HMAC employs a cryptographic hashing function (ex. SHA-1) but it wasn't clear to me why the cryptographic hashing function itself wasn't "good enough" -- why couldn't HMAC just be SHA-1.

SHA-1 generates a fixed size output of 20-bytes for an arbitrarily long message; but so does an HMAC when it uses SHA-1. So what's the difference?

Turns out the answer is actually relatively straightforward.

For sake of explanation, assume that you want to declare your undying love to someone you've been dating. You'd love to come up with a beautiful sonnet, but in the end you decide that simply saying "i love you" is enough.

You want the message to arrive intact and unaltered, but you don't care if the contents of message itself are known to the world. Knowing a little about cryptographic hashes: you generate a digest from your message using SHA-1.

That message results in: 'bb7b1901d99e8b26bb91d2debdb7d7f24b3158cf'.

On receipt of the message, your would-be-love recomputes the SHA-1 from the message, compares the computed digest to the sent digest. They match and all seems well.

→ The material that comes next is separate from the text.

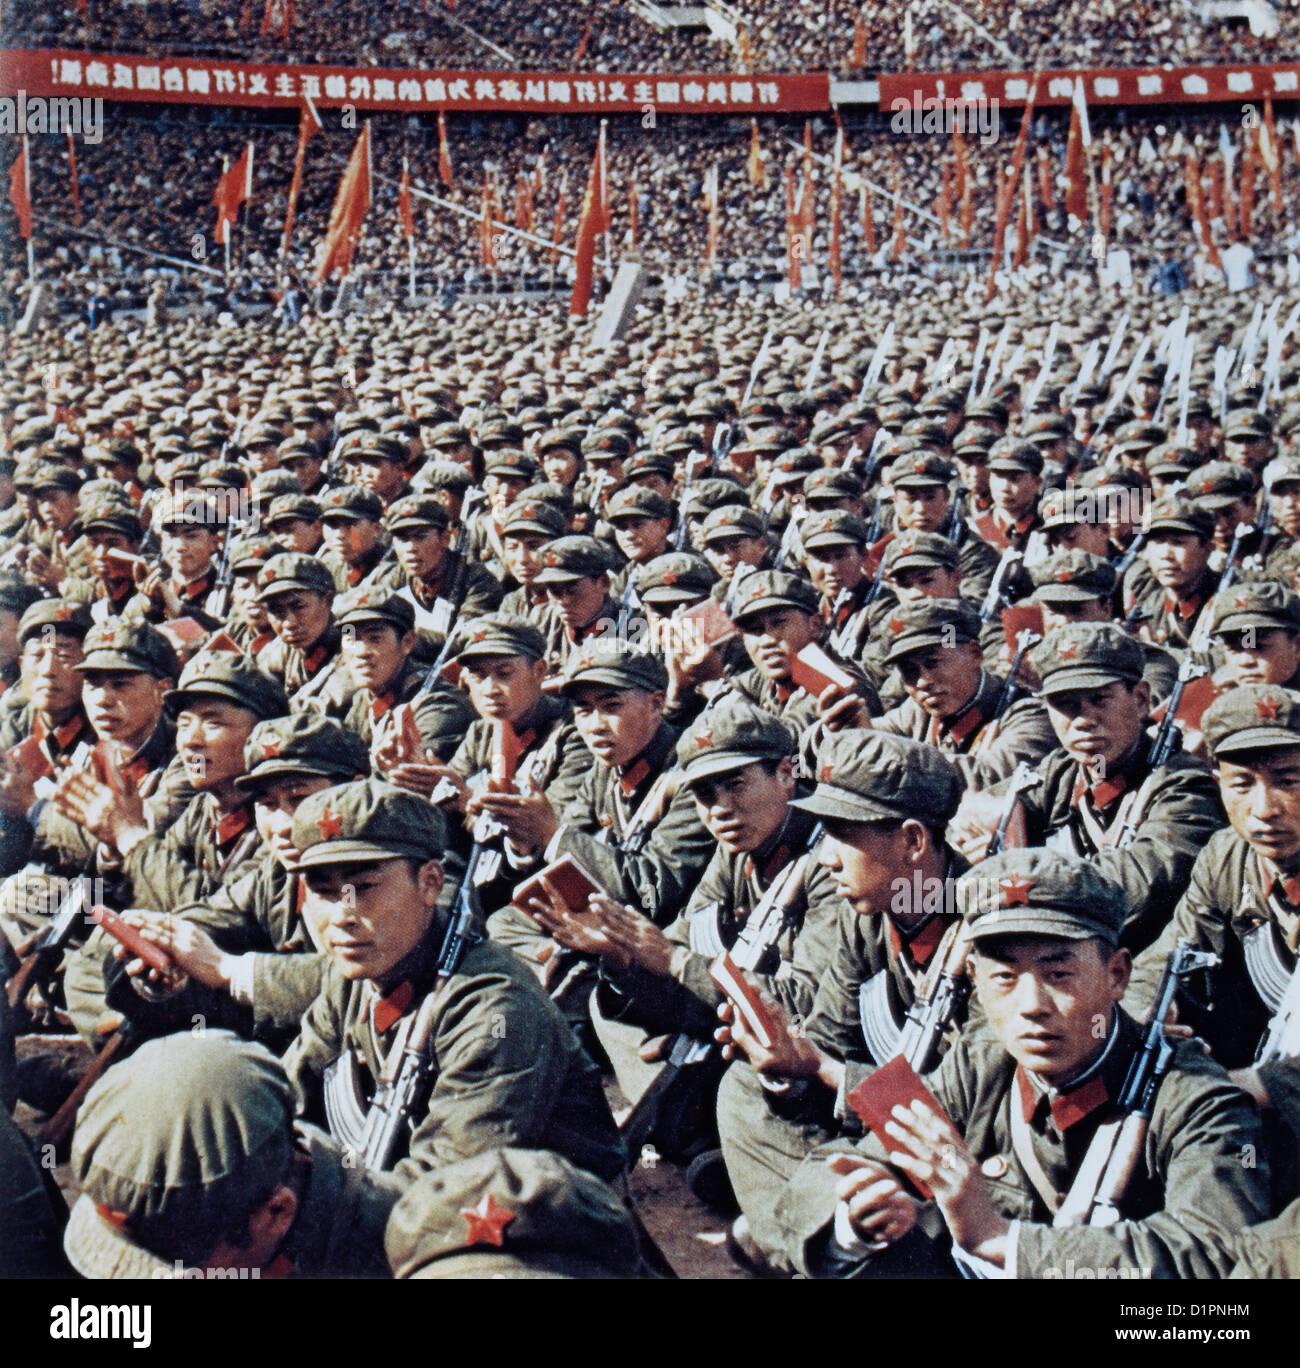 Le Guardie rosse al Rally la lettura di Mao Zedong Libretto Rosso, Pechino, Cina, 1966 Immagini Stock
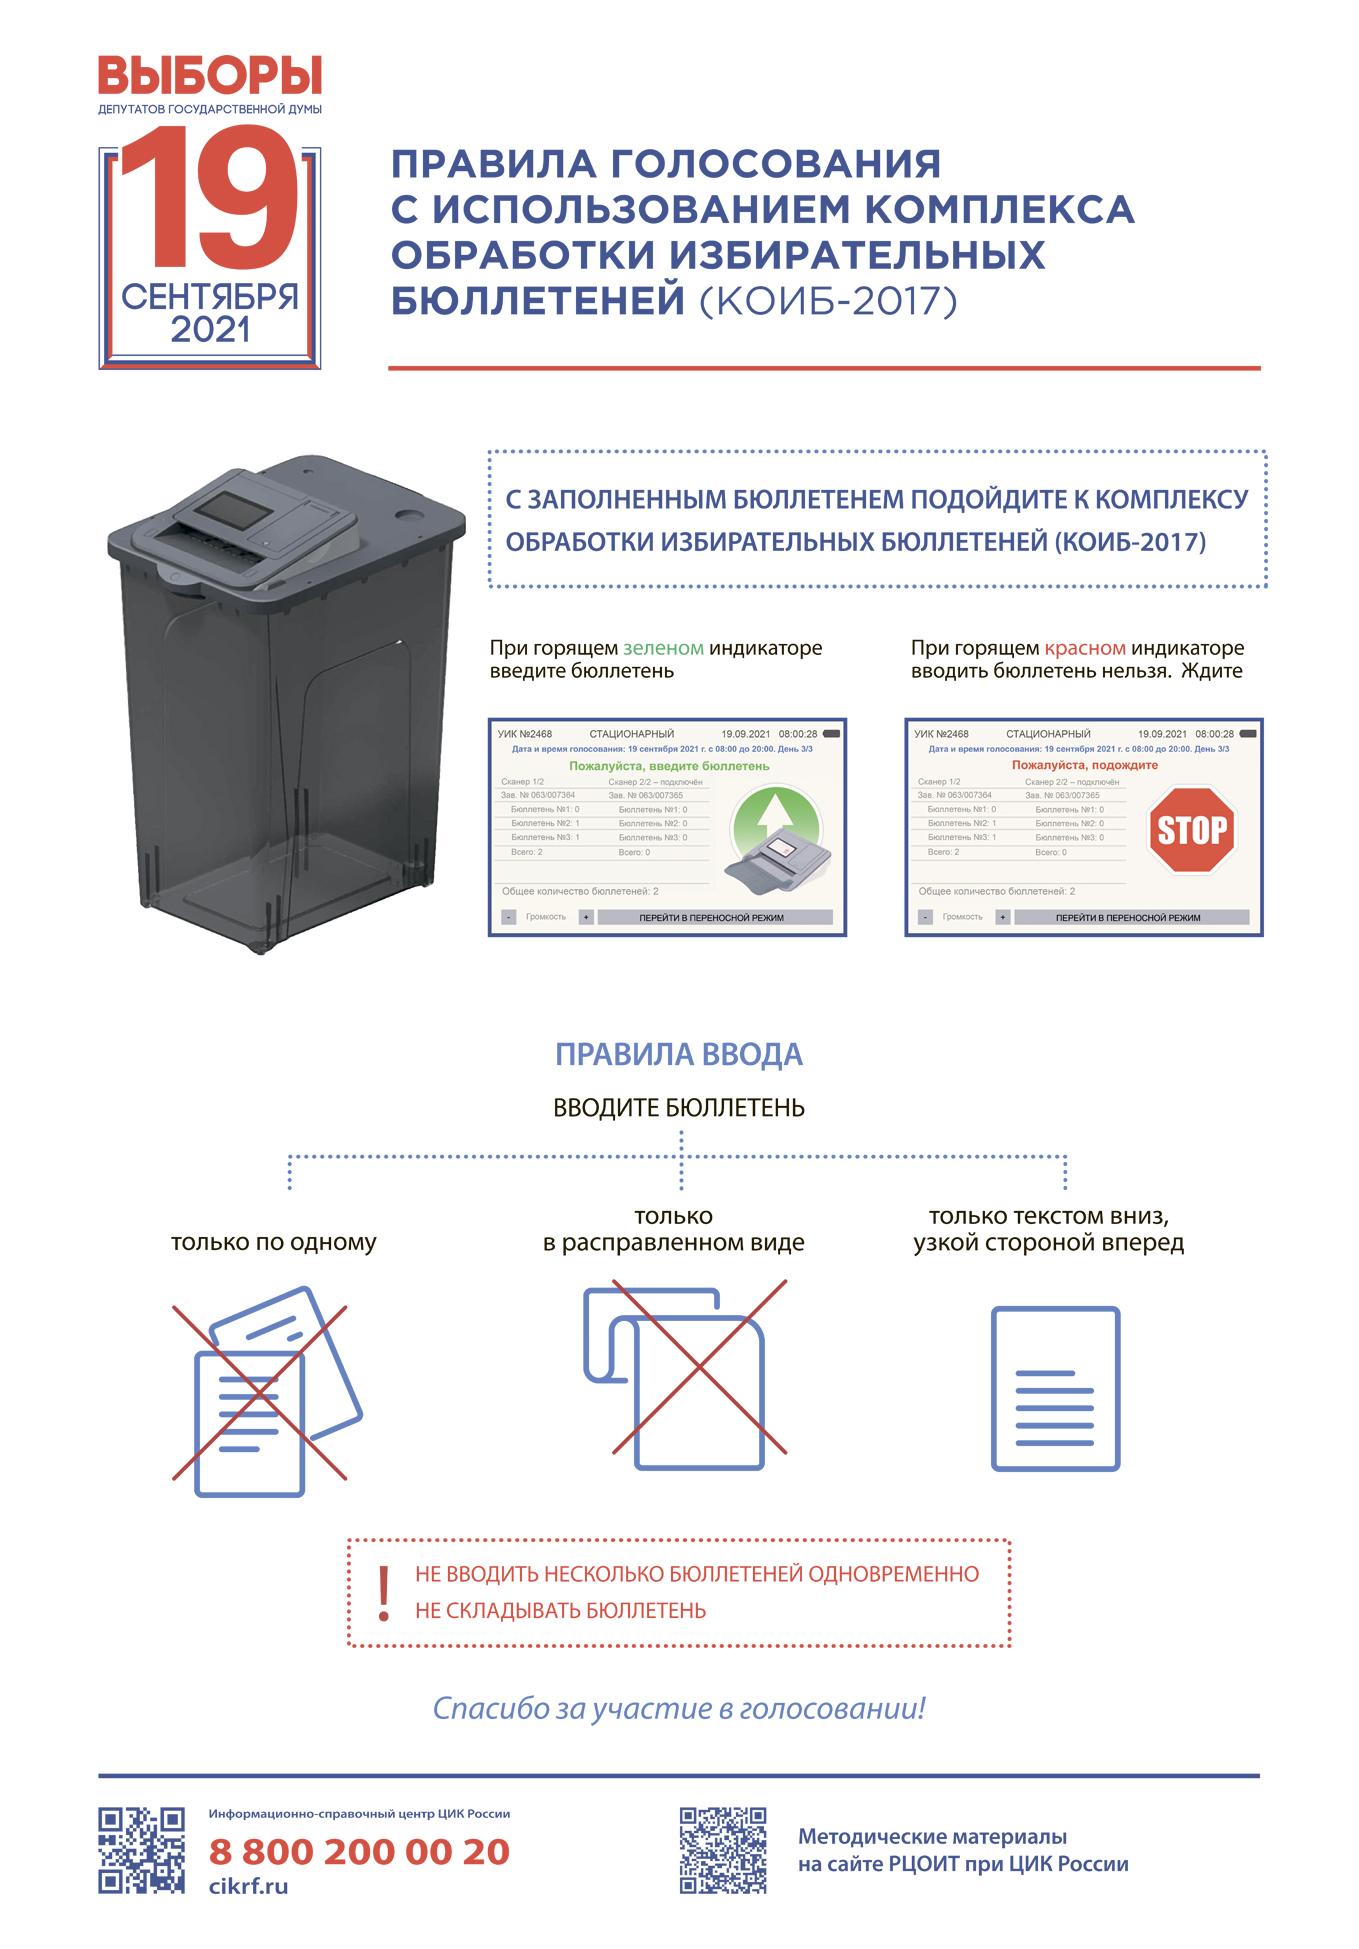 Правила голосования с КОИБ-2017 (МГТУ)

A sinister rival however has other plans. They intercept your message, and replace the message with another "don't call me anymore", they then generate a brand new digest: 'e267e18f05cb6ea3b10b761bbac21a0f92bb8d0d' and replace your original digest. On receipt your love reads the message in disbelief; quickly calculating the hash to make sure the message hasn't been altered. But the hash itself has been changed so the altered hash matches altered message and chaos ensues.

Things look grim, but you explain to your would-be-love what's happened, and they decide to give you another chance. So that this doesn't happen again you decide to tell your lover from now on, whenever they get a message from you, before computing the hash prepend the text "our secret key.", and you will do the same.

This time that same message generates the digest '8a2c1bfa977478f73dbfab8508bc09360b20b569'

Simply replacing the digest doesn't work anymore. If naive attacker still attempts to use the 'e267e18f...' digest your lover would see that the key + the message doesn't compute. You don't send the key in the message itself, and no one knows your secret key so no one can generate a fake message.

There is however a problem still, and the problem is the reason for the difference between SHA-1 and HMAC.

SHA-1 uses an iterative algorithm. It generates digests by first splitting a message into blocks of 64 bytes and, one after the other, combining those blocks together to generate the 20 byte digest. But, since your message can be of any length, and since SHA by its iterative nature works by computing block after block of 64 bytes there is a problem.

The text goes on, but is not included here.